(Beginning of SUPPLIED DATA)

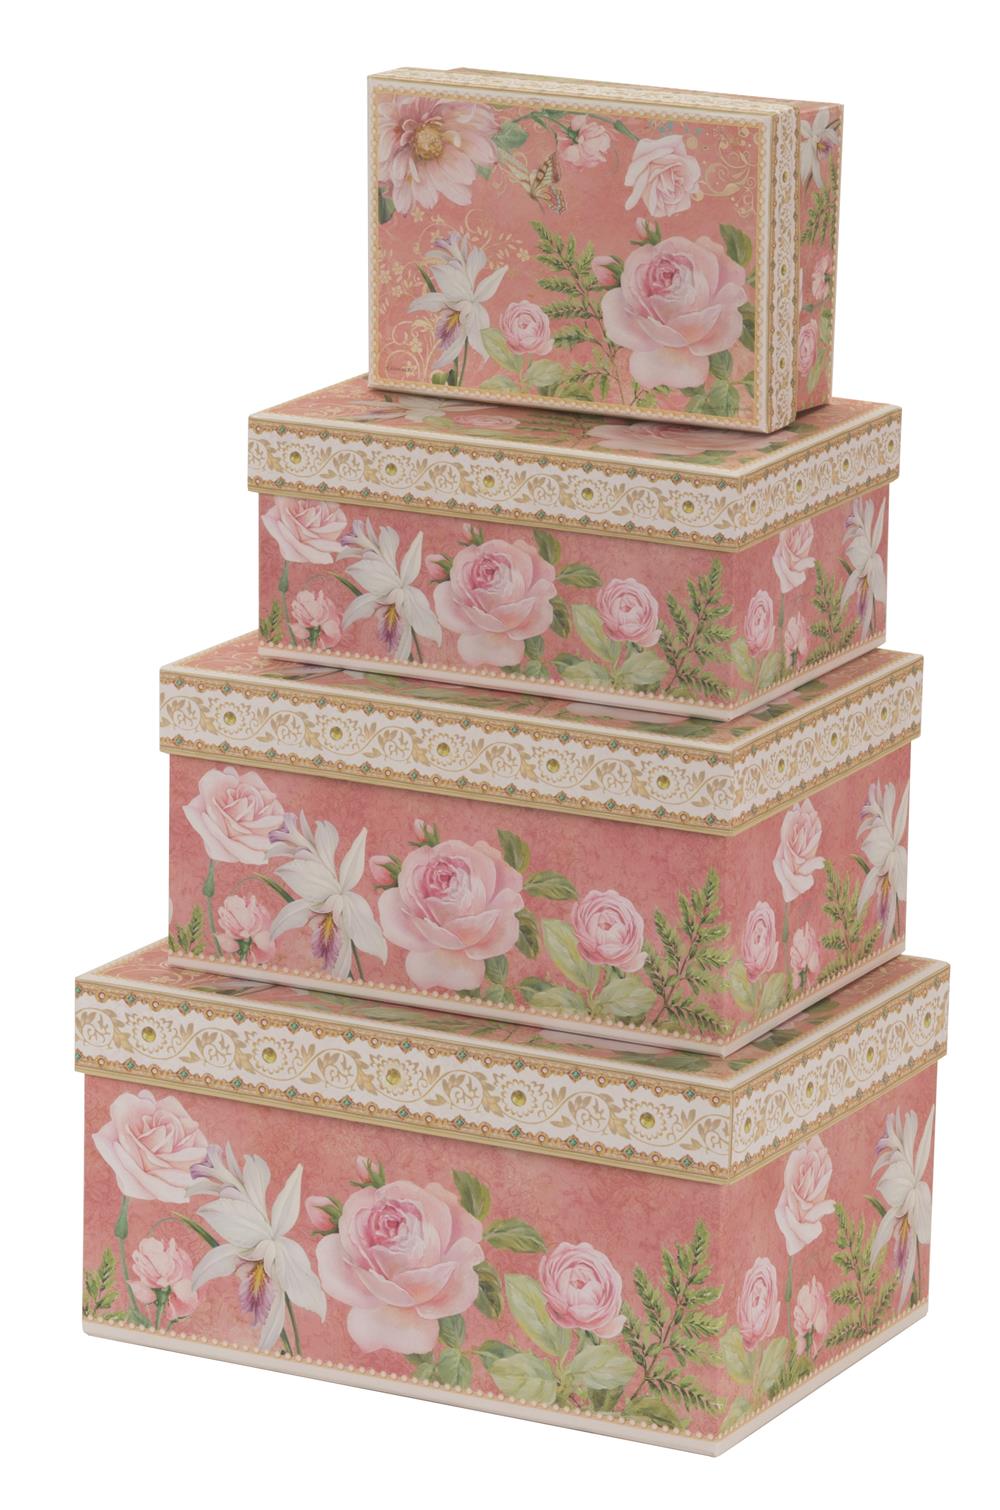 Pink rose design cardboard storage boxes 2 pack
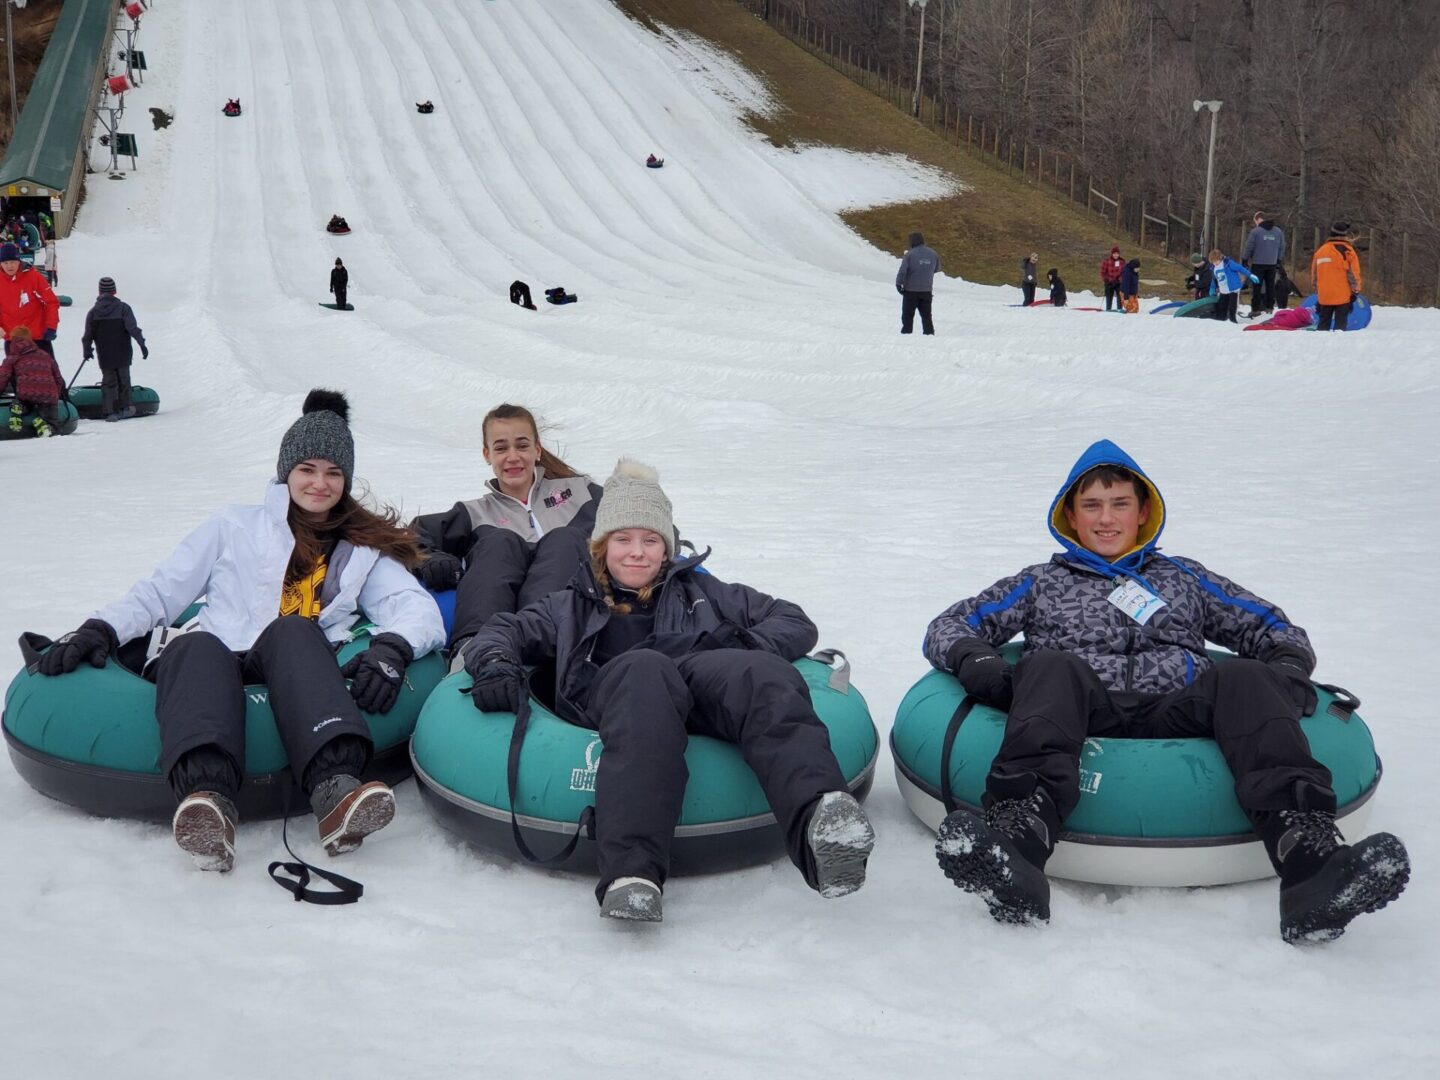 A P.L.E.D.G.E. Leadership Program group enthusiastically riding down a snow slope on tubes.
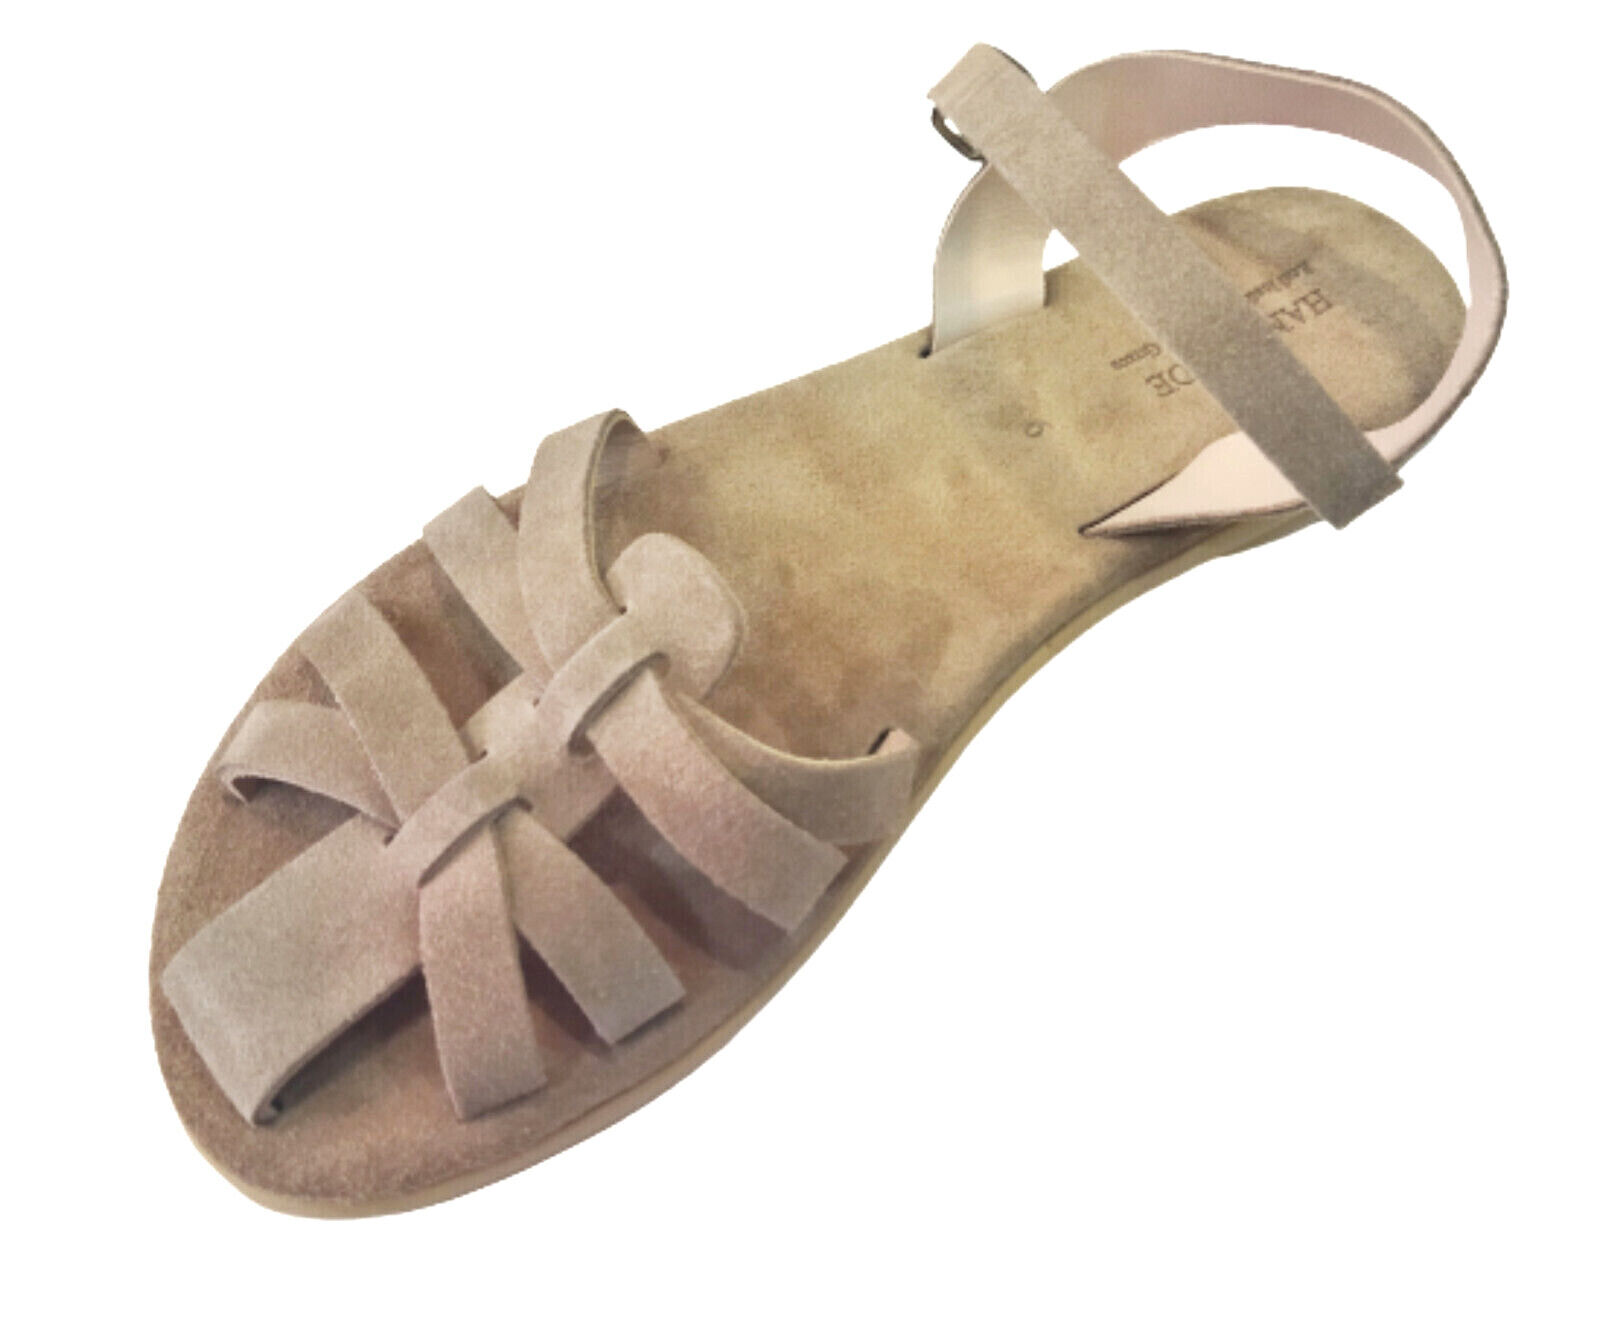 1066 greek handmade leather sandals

(End of SUPPLIED DATA)

Begin with the line containing "A P.L.E.D.G.E. Leadership" and end with the last line of the material above; return exactly those lines, both ends included, and omit all pictures.

» EXPECTED ANSWER:
 A P.L.E.D.G.E. Leadership Program group enthusiastically riding down a snow slope on tubes.
 1066 greek handmade leather sandals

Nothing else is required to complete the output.